Published November 5, 2018 | Version v1
Poster Open

Fostering Open Science by using Blockchain Technology

  • 1. University of Applied Sciences Offenburg
  • 2. University of Wuppertal

Description

Sectors like finance, science, production, licensing, and education are gaining more and more interest in blockchain technologies (BT) and start to develop BT-based applications to benefit from the unique characteristics of this technology. BT promises benefits in trust, collaboration, organization, identification, credibility, and transparency. 

In our research, we focus on the application of BT in science, in particular, open science. The idea behind open science is to make scientific research more transparent and accessible to mitigate problems. Examples are intransparent review processes, plagiarism, restricted freedom of research, and paywalls restricting access to scientific publications.  

In a first step, we analyzed existing BT-based applications related to open science according to the following criterions: 

  • Does the application build on a custom or existing blockchain (like, e.g., Bitcoin)?  

  • Which consensus method is used? Proof of work, proof of stake, or other. 

  • Which are the target phases within the research cycle? We divided the phases into evaluation/idea, experiment, documentation, processing, analysing, publication, and reputation. 

  • How well is the application documented?  

  • What is the maturity level of the application? Concept, prototype, or deployed. 

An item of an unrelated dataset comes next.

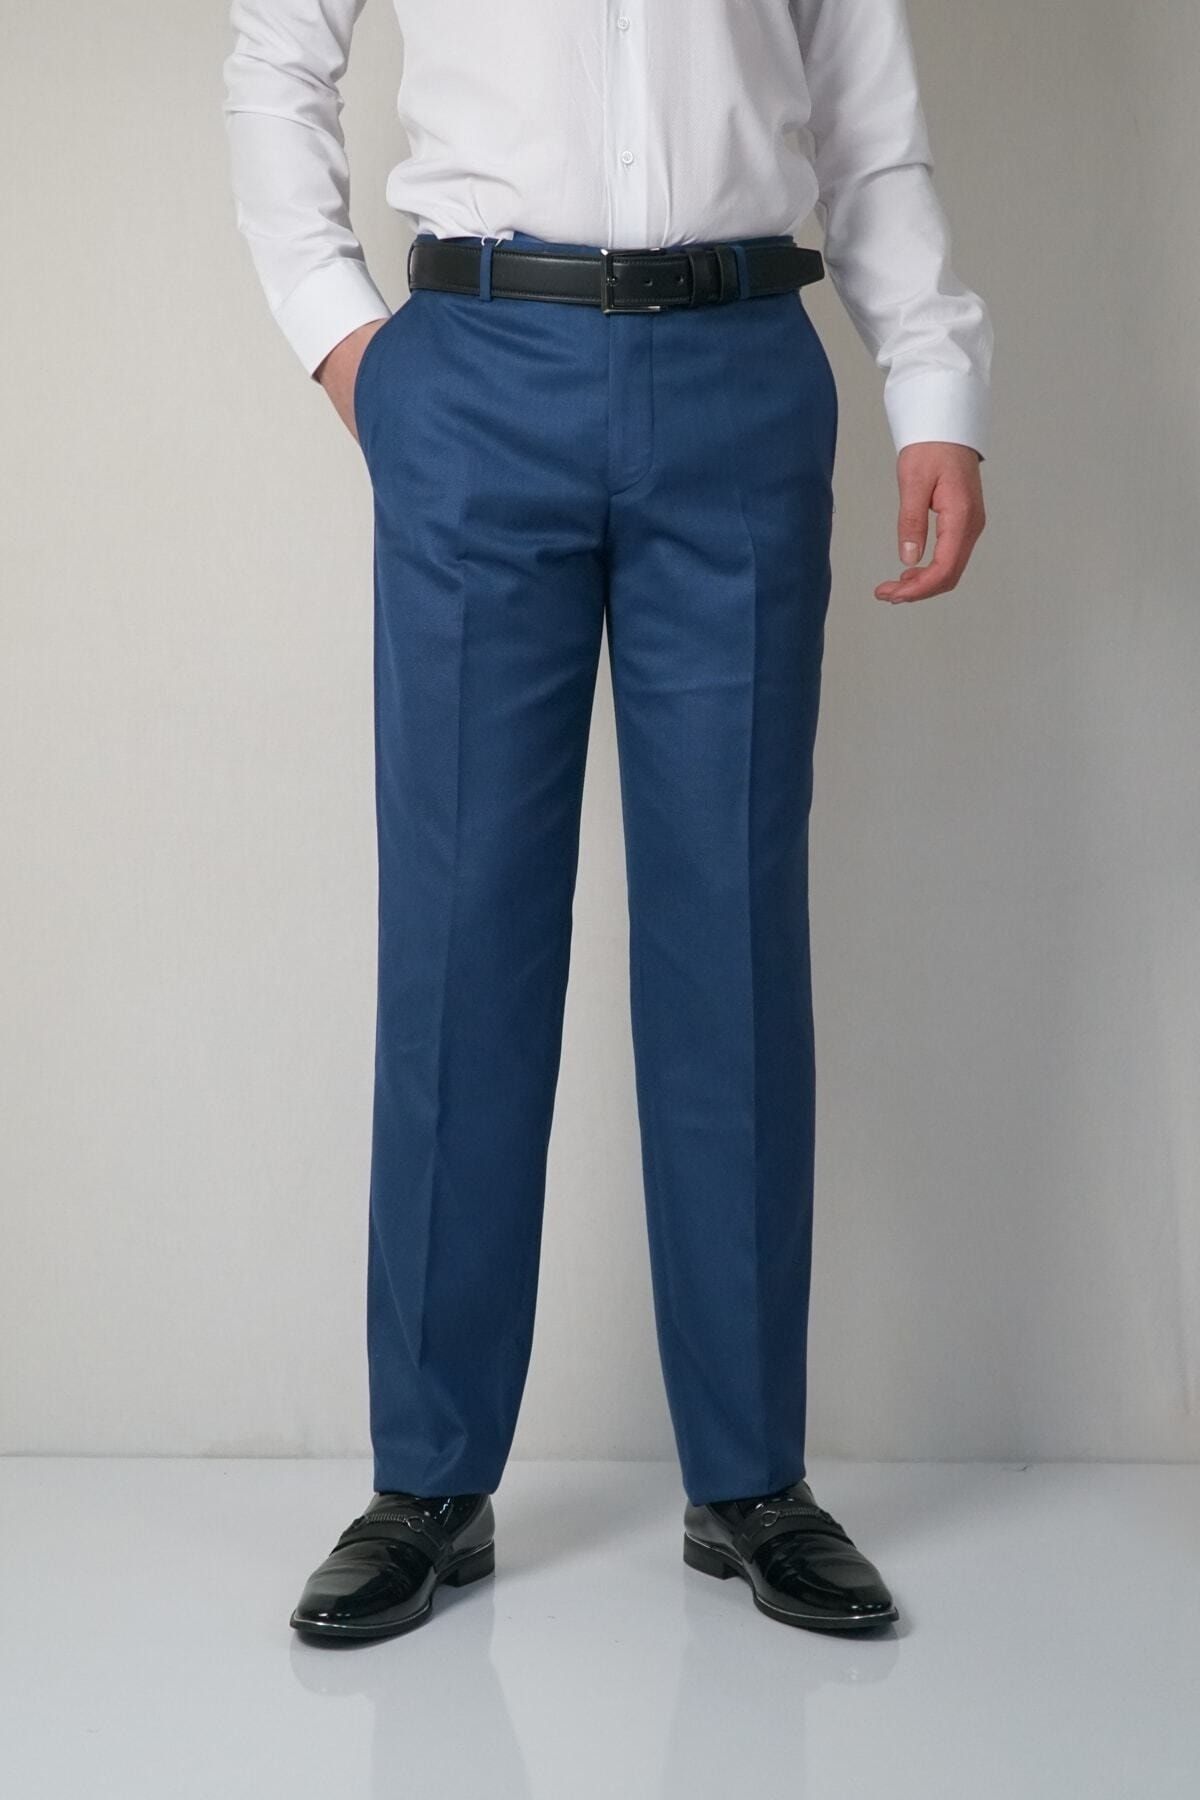 Bomonti Kılasık Fılafıl Kumaş Pantolon

In total, we investigated 43 applications which we identified primarily by search engines (e.g., Google Scholar) and divided them into the categories reproducibility (9), trustability (12), decentralized storage/database (7), marketplace (4), identity management (3), privacy/confidentiality (2), and infrastructure providers (6). Regarding maturity level, the vast majority of applications is in the concept phase. Some prototypical systems are available, but there are only a few deployed and well-established applications (e.g., OriginStamp, Hyperledger, and Bernstein). 

Our analysis showed that existing projects and applications do not yet make use of the full potential of BT. Thus, our research goal is to develop ideas for further applications. We imagine, for example, using BT to store study designs and hypotheses tamper-proof, as well as all survey results. Storing this information in a blockchain ensures that the results can be compared to the hypothesis verifiably. Another idea targets the Internet of Things where, e.g., measurement data of sensors could be stored in a blockchain ensuring that the data cannot be manipulated later on. This would increase the credibility of experiments that are too complex to be reproducible by a third party. 

Finally, we point out challenges that need to be addressed in the future to make sure the scientific community can benefit from BT. One of the challenges we identified is the design and development of correct and secure smart contracts. Such contracts often manage valuable resources (information or money in the form of cryptocurrencies) which could get inaccessible (even for the owner) or stolen if functional correctness and security are not given. Thus, we forecast that approaches for the evaluation and formal verification of smart contracts will become crucial in the future. Finally, in our view, researchers and the blockchain community should address topics like standardization and frameworks to facilitate access and use of BT and therefore, to increase its rate of adoption in the scientific community and beyond. Overall, we analyzed current blockchain applications and projects for science to create a state-of-the-art view, described our ideas for the future to foster science and identified challenges that need to be addressed to use the full potential of the BT.